The overlaps are sparse, but existent.

Here's the current code:

main algorithm:

//make sure segments don't overlap
for (unsigned i = 0; i < newSegment.size(); ++i) {
    if (newSegment[i]->size() == 0) continue;
    for (unsigned j = i + 1; j < newSegment.size(); ++j) {
        if (newSegment[i]->size() == 0) continue;
        if (newSegment[j]->size() == 0) continue;
        int i1 = newSegment[i]->begin();
        int i2 = static_cast<int>(newSegment[i]->end());
        int j1 = newSegment[j]->begin();
        int j2 = static_cast<int>(newSegment[j]->end());
        int L1 = abs(i1 - i2); 
        int L2 = abs(j1 - j2); 
        int dist = max(i1,i2,j1,j2) - min(i1,i2,j1,j2);

        //if overlap, fold segments together
        //copy indices from shorter segment to taller segment
        if (dist <= L1 + L2) {
            unsigned more, less;
            if (newSegment[i]->slope == newSegment[j]->slope) {
                if (value_max[i] > value_max[j]) {
                    more = i;
                    less = j;
                } else {
                    more = j;
                    less = i;
                }
            } else if (newSegment[i]->size() == 1) {
                more = j; less = i;
            } else if (newSegment[j]->size() == 1) {
                more = i; less = j;
            } else assert(1 == 0);
              while(!newSegment[less]->indices.empty()) {
                unsigned index = newSegment[less]->indices.back();
                newSegment[less]->indices.pop_back();
                newSegment[more]->indices.push_back(index);
            }
        }
    }

}//end overlap check

//delete empty segments
vector<unsigned> delList;
for (unsigned i = 0; i < newSegment.size(); ++i) {
    if (newSegment[i]->size() == 0) {                            //delete empty
        delList.push_back(i);
        continue;
    }
}
while (delList.size() > 0) {
    unsigned index = delList.back();
    delete newSegment.at(index);
    newSegment.erase(newSegment.begin() + index);
    delList.pop_back();
}

Relevant Segment object class definition and member functions:

class Segment{

    public:
    Segment();
    ~Segment();

    unsigned size();
    int begin();
    unsigned end();
    std::vector<int> indices;
    double slope;
};

int Segment::begin() {
    if (!is_sorted(indices.begin(),indices.end()))      std::sort(indices.begin(),indices.end());
    if (indices.size() == 0) return -1; 
    return indices[0];
}

unsigned Segment::end() {
    if (!is_sorted(indices.begin(),indices.end()))    std::sort(indices.begin(),indices.end());
    return indices.back();
}

unsigned Segment::size() {
    unsigned indSize = indices.size();
    if (indSize == 1) {
        if (indices[0] == -1) return 0;
    }   
    return indSize;
}

Ideas:

Since I don't care about the order of the Segment objects, they could be in an orderless container?
In my algorithm, I find overlap by looking at the first and last indices of each segment. I do an std::is_sorted (and then maybe a std::sort) when I fetch the indices because the list can change when more indices are inserted. Maybe I could put the indices in a std::set rather than std::vector to save the explicit sort-checking/sorting?
I'm pretty sure that by editing the indices as I go, this makes it order-dependent. Perhaps, I could break the code into the following organization using the concept of an undirected graph to make it order-independent:
- edge discovery (without modifying indices)
- join clusters of connected nodes (Segment objects that overlap) using a graph traversal
- delete empty Segment objects

Questions

Are either of the ideas above worthwhile or negligible to performance?
How else can I optimize it?
How (if not the above) can I make the algorithm order-independent?

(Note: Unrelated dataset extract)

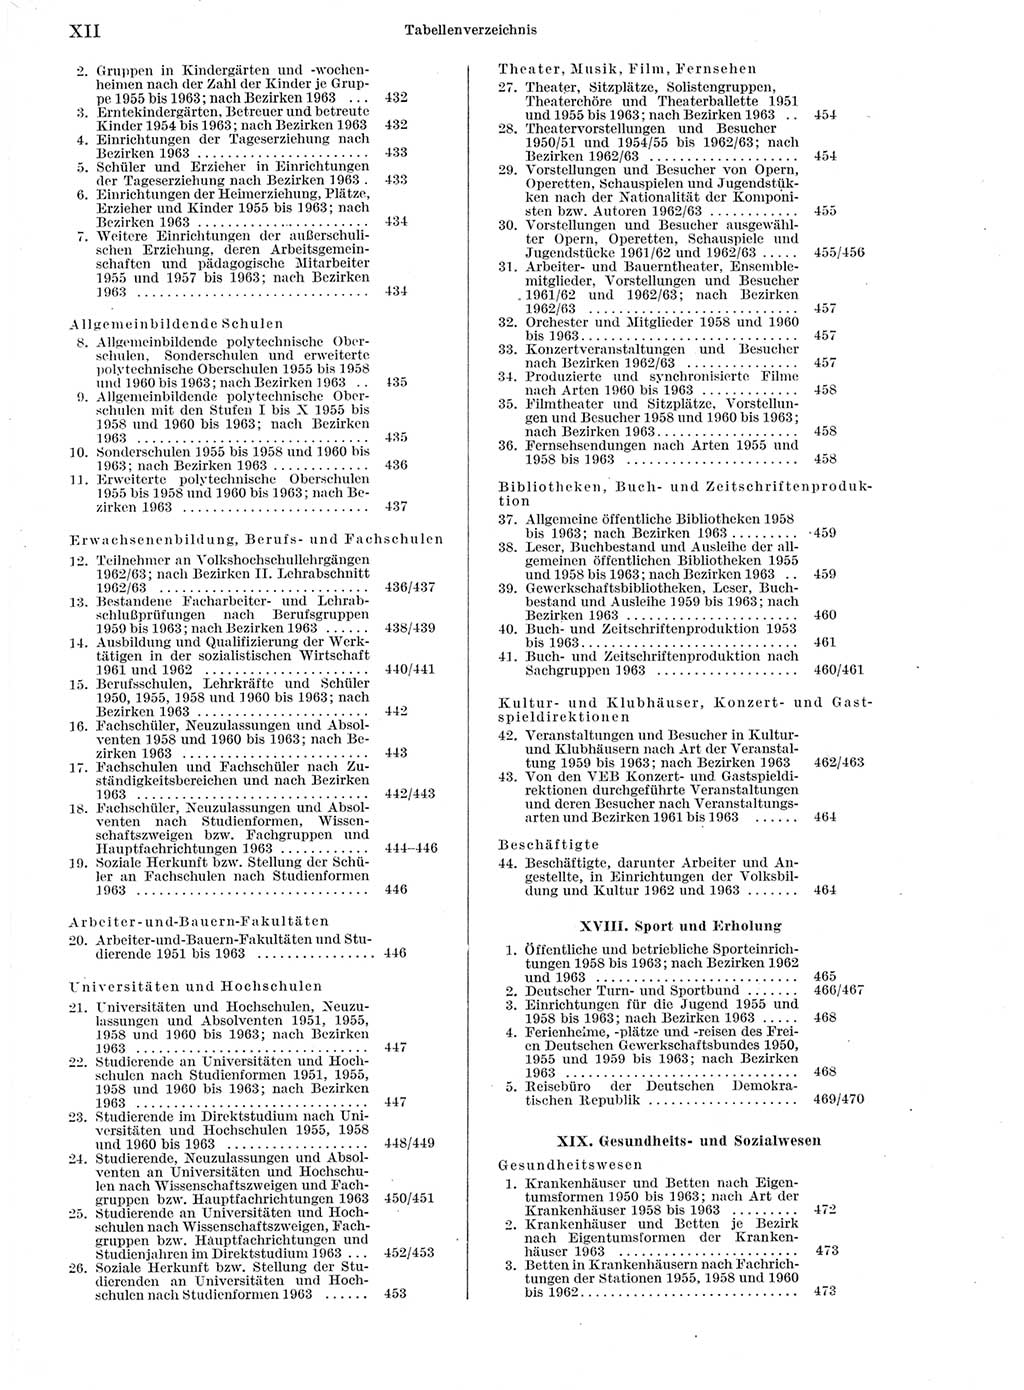 Statistisches Jahrbuch der Deutschen Demokratischen Republik (DDR) 1964, Seite 12 (Stat. Jb. DDR 1964, S. 12)

Is is_sorted() implemented by checking an internal flag (that gets set by sort() and unset by mutators) or does it compare elements to each other until it finds ones that are out of order? In fact, I don't see any mutators on Segment, so is that meant to be an immutable class? (if so, you could try ensuring sorted-ness once on construction) — Ixrec, Nov 08 '15 at 16:46
@lxrec `std::is_sorted` ( [link](http://www.cplusplus.com/reference/algorithm/is_sorted/) ). I don't have any mutator methods per se, I just `push_back` directly to the public `indices` vector (e.g. `newSegment[j]->indices.push_back(i)`). I do only `push_back` to `indices` in only two other places in the code, so I could `std::sort` after each one, as well as sort when I combine them in this algorithm, and then delete the `is_sorted`/`sort` when accessing. — Stershic, Nov 08 '15 at 17:17
The merging part (of the original algorithm) sounds like what a [disjoint set (union-find) algorithm (en.wikipedia.org)](https://en.wikipedia.org/wiki/Disjoint-set_data_structure) would do. — rwong, Nov 08 '15 at 21:36

Mike Nakis · Accepted Answer · 2015-11-08T20:29:14.123

4

The is_sorted() function is probably expensive, and so you should avoid it. Why not sort everything in one go right at the beginning before entering the loops?

The best way to optimize your code is by inventing a new algorithm which avoids the nested loops of N, because that has a complexity of O(N^2) (see "big-Oh notation".) See Bart van Ingen Schenau's comment below on how to achieve this.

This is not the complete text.